Southampton boat show expands wooden boat stage for 2026
The Wooden Boat Stage is returning to Southampton in an expanded form, with live demos of steam bending, epoxy work, rigging and more beside the main entrance.

The Wooden Boat Stage is coming back to the Southampton International Boat Show in an expanded form, and for owners who actually repair boats, that matters more than another glossy display. The stage will run at Mayflower Park in Southampton from 18 to 27 September 2026, with the show expecting more than 90,000 visitors across ten days.
For DIY sailors weighing whether the trip is worth it, the value sits in the sort of work that keeps older boats afloat: carving, steam bending, oar and paddle making, epoxy work, knotting and rigging.
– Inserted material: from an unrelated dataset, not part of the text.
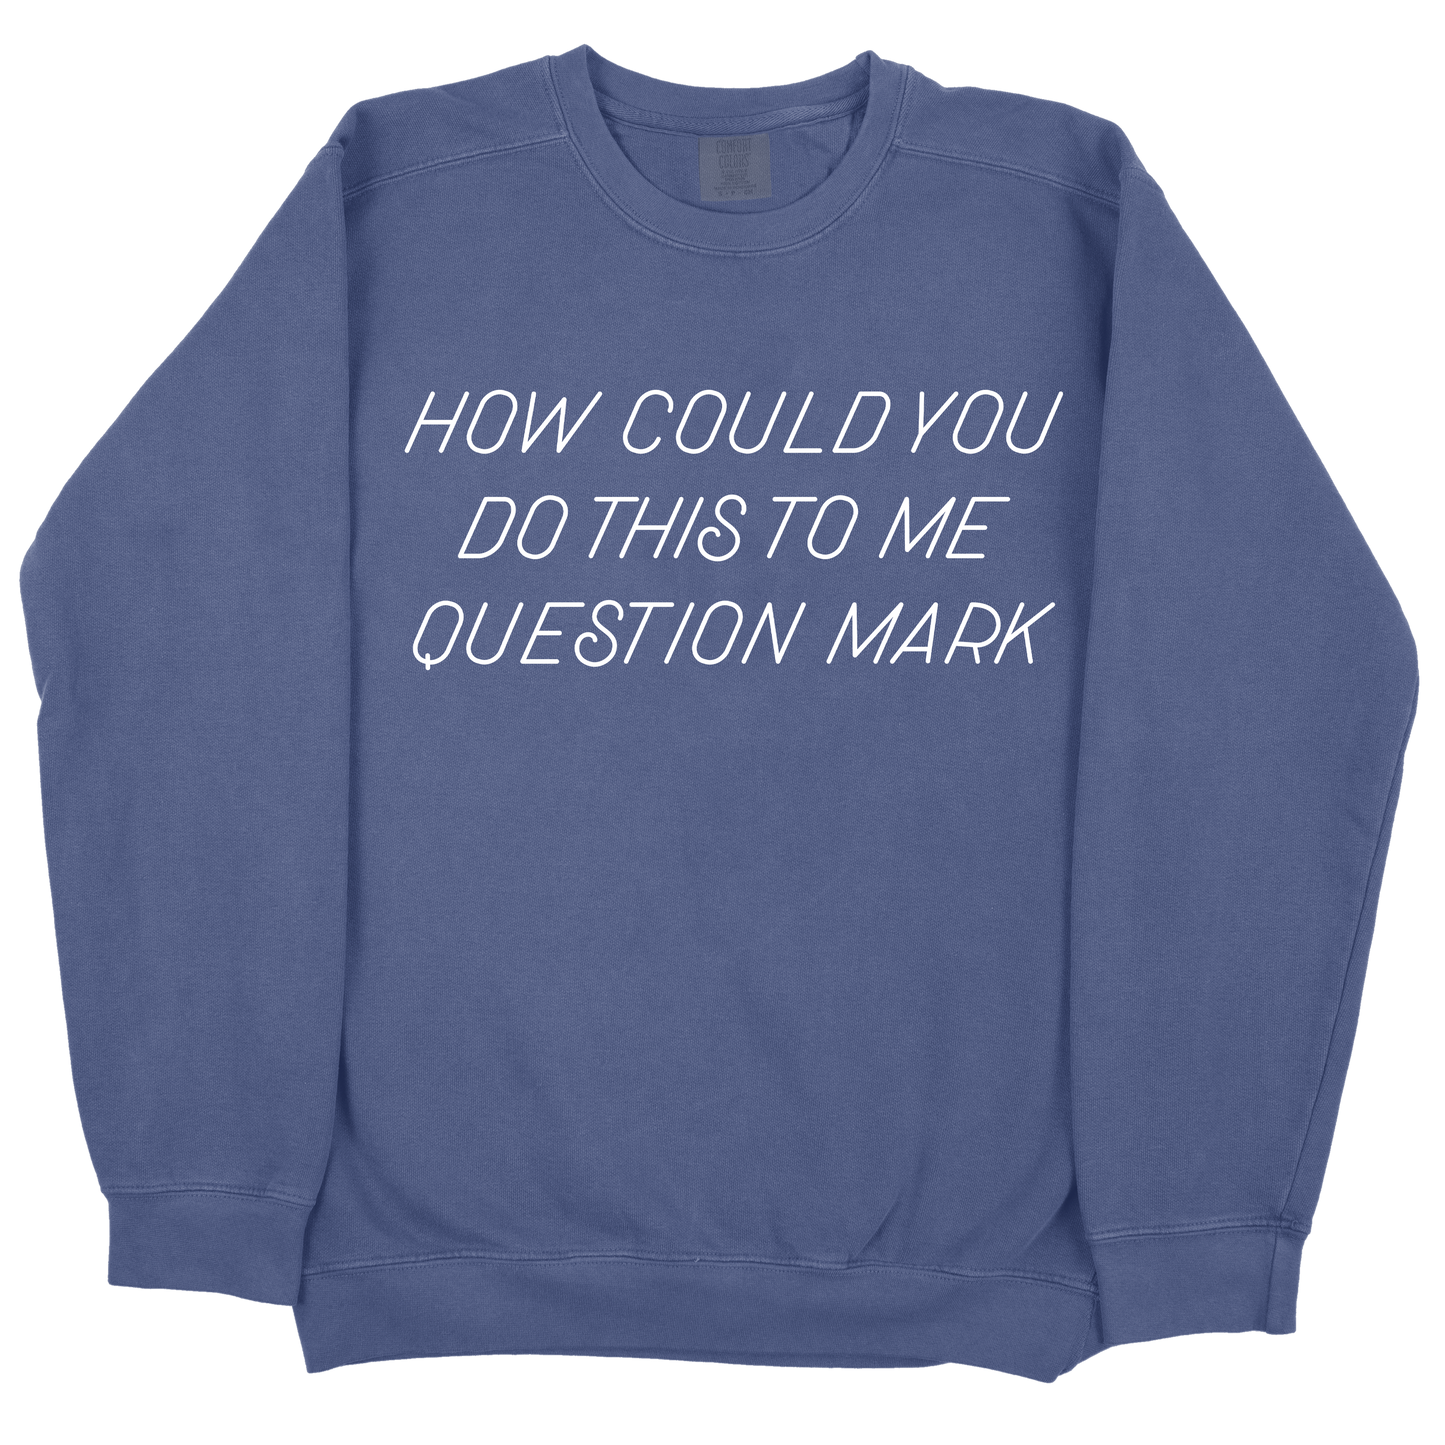 How Could You Do This To Me Question Mark CC Sweatshirt - Navy

The stage is positioned beside the main entrance in the new Explore Boating area, which puts traditional skills right where foot traffic is heaviest. That is a practical setup for anyone deciding whether to tackle a timber transom, preserve a classic dinghy, or sort out aging joinery on a small yacht.

The format also gives the show a rare training-room feel. The Wooden Boat Stage was launched at the 2025 Southampton International Boat Show as a collaboration with the Wooden Boatbuilders’ Trade Association, and the show later said it would be hosted with the Boat Building Academy and Women in Boatbuilding. That mix points to more than nostalgia: it brings trade craft, formal training and a wider pool of makers into the same space, where a visitor can pick up methods that transfer beyond wooden hulls. Epoxy work, knotting, rigging and repair all translate to maintenance on GRP and mixed-material boats too, which is part of the draw for practical owners who do not keep traditional craft but still need the same hands-on discipline.
The 2025 stage already set that tone with demonstrations in steam bending, joinery, rope making, modern splicing, oar making and repair. The 2026 programme broadens that further, and the organisers are treating it as a serious part of the show rather than a side attraction. For sailors who learn by watching a joint come together or by seeing how a bend is taken in real time, that is the part of Southampton most likely to repay the entry fee.

Practical Boat Owner, first published in 1967 and built around maintenance, repair and seamanship, has been following the Wooden Boat Stage with that same instinct: this is not about admiring heritage from a distance. It is about keeping the skills visible, usable and close enough to carry into the next project.